WORK TASK: Please repeat exactly the lines below from the line with "Matanuska–Susitna Borough School" to the line with "(17C121) 日本航空母艦 信濃(しなの)", including both, and leave out every picture.

EXERCISE INPUTS:
════════════════

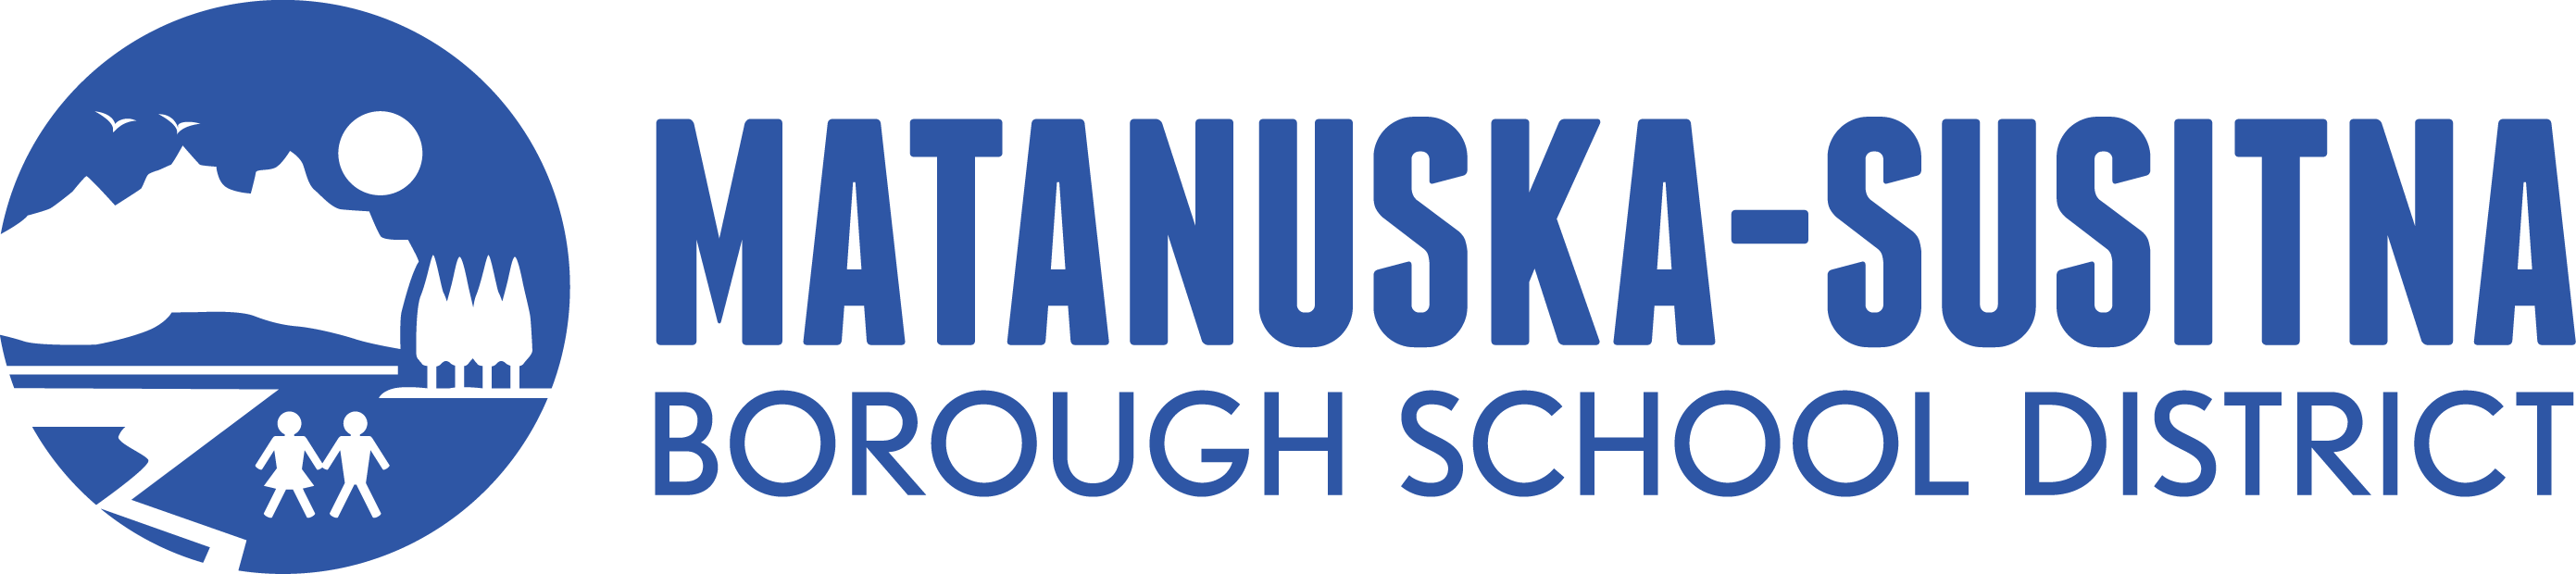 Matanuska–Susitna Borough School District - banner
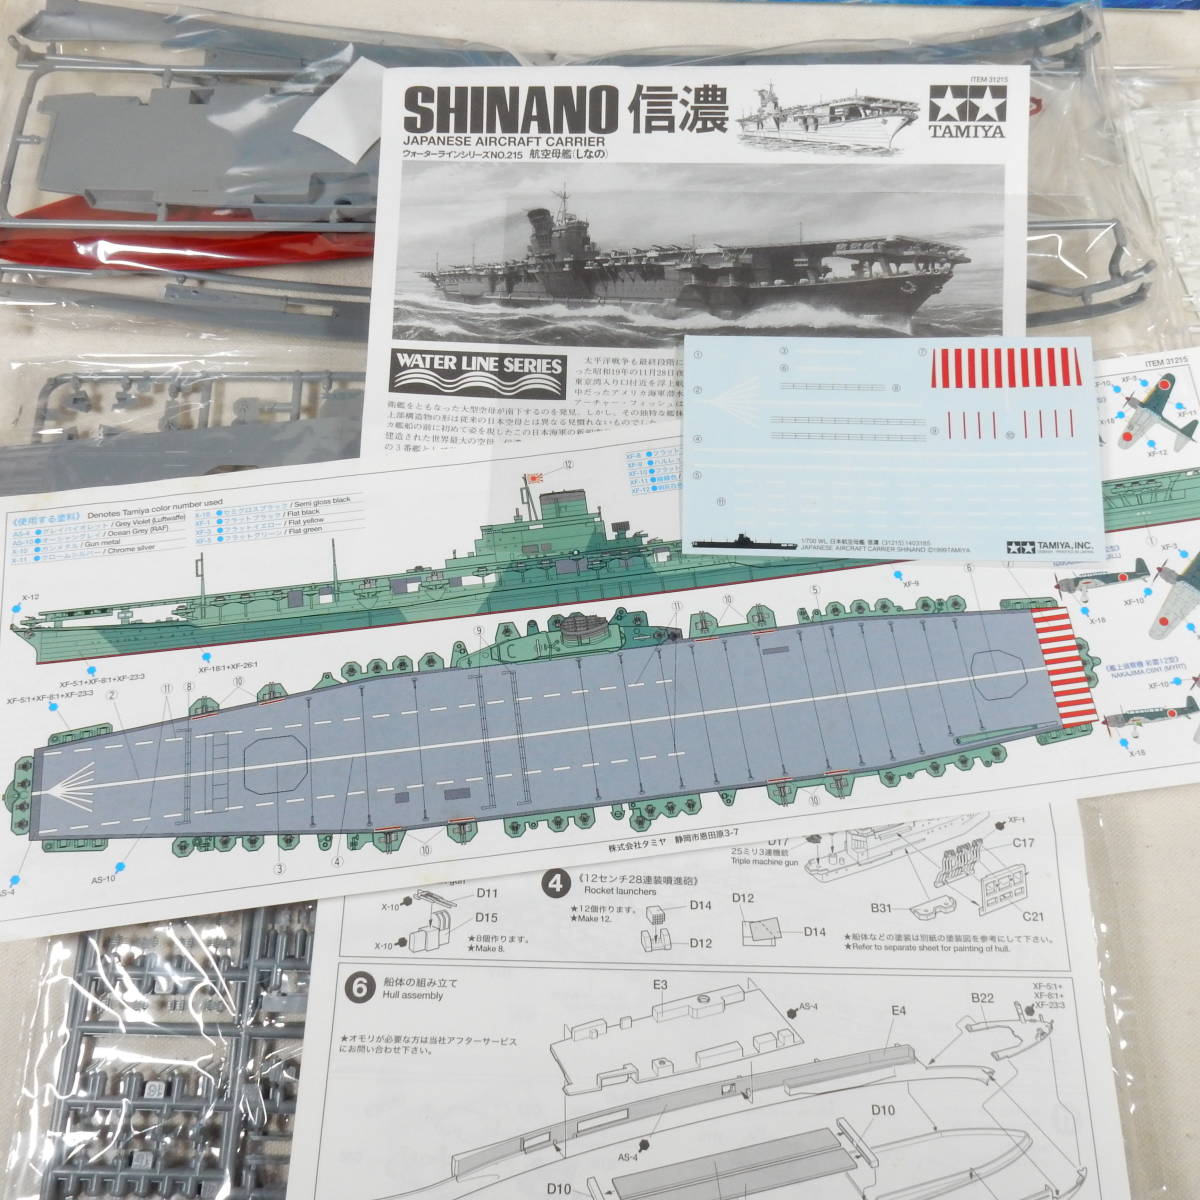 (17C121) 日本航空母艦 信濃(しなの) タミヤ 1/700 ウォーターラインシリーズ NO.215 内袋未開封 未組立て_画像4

════════════════

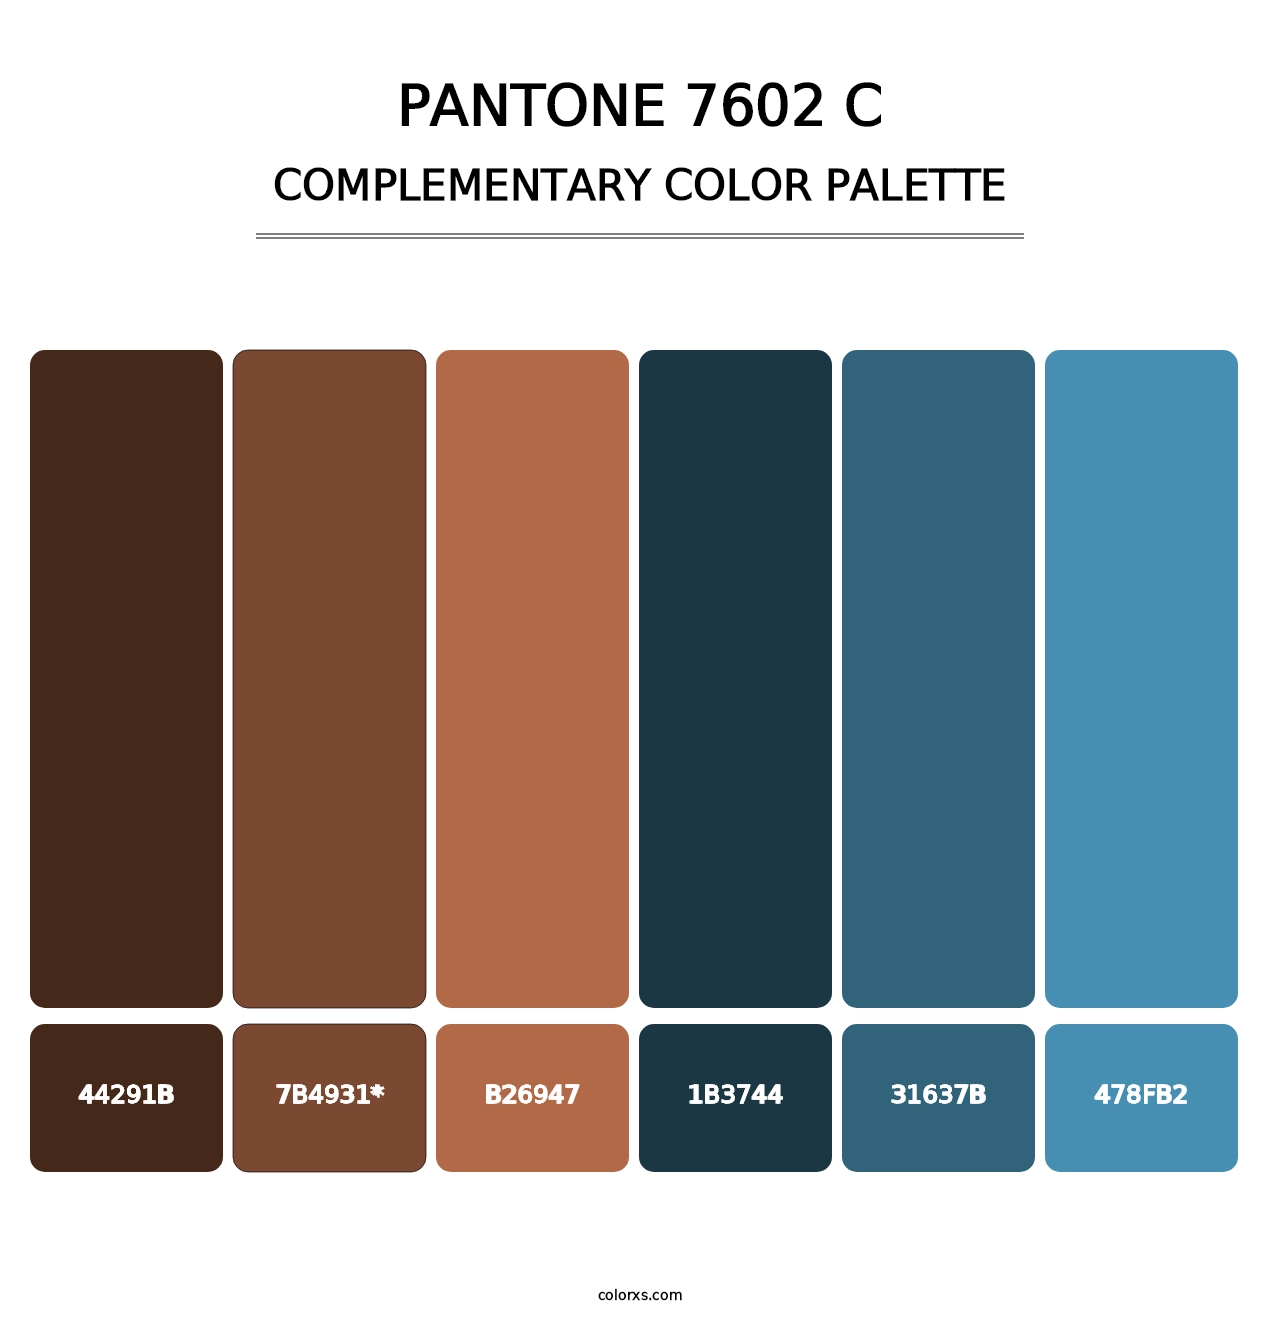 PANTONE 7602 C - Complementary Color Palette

════════════════

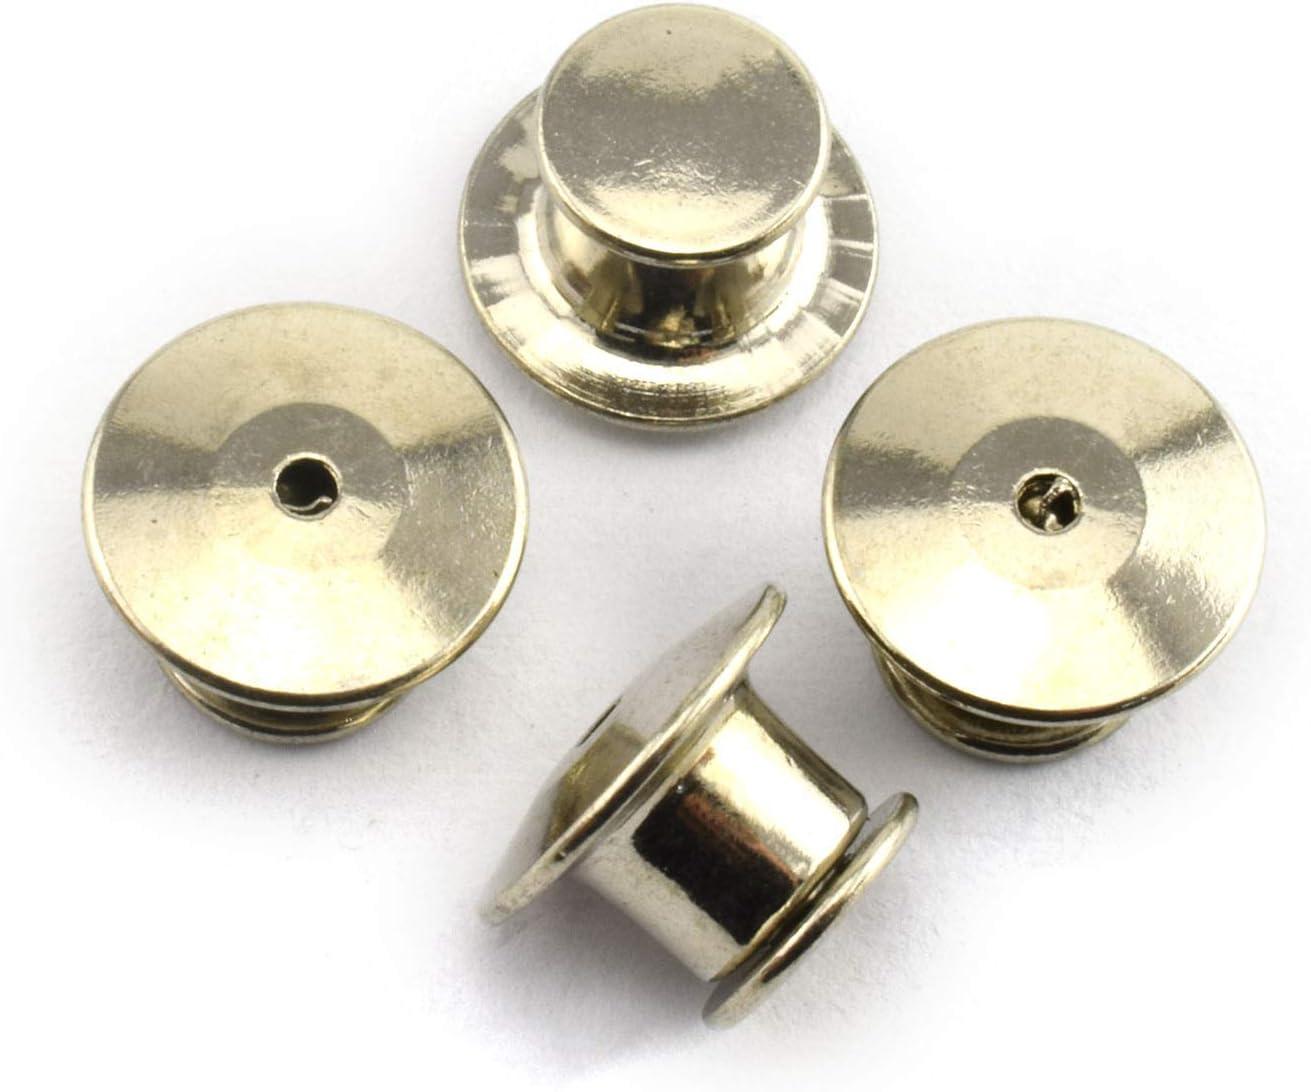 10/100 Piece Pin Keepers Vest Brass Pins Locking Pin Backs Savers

════════════════

YOUR SOLUTION:
 Matanuska–Susitna Borough School District - banner
 (17C121) 日本航空母艦 信濃(しなの) タミヤ 1/700 ウォーターラインシリーズ NO.215 内袋未開封 未組立て_画像4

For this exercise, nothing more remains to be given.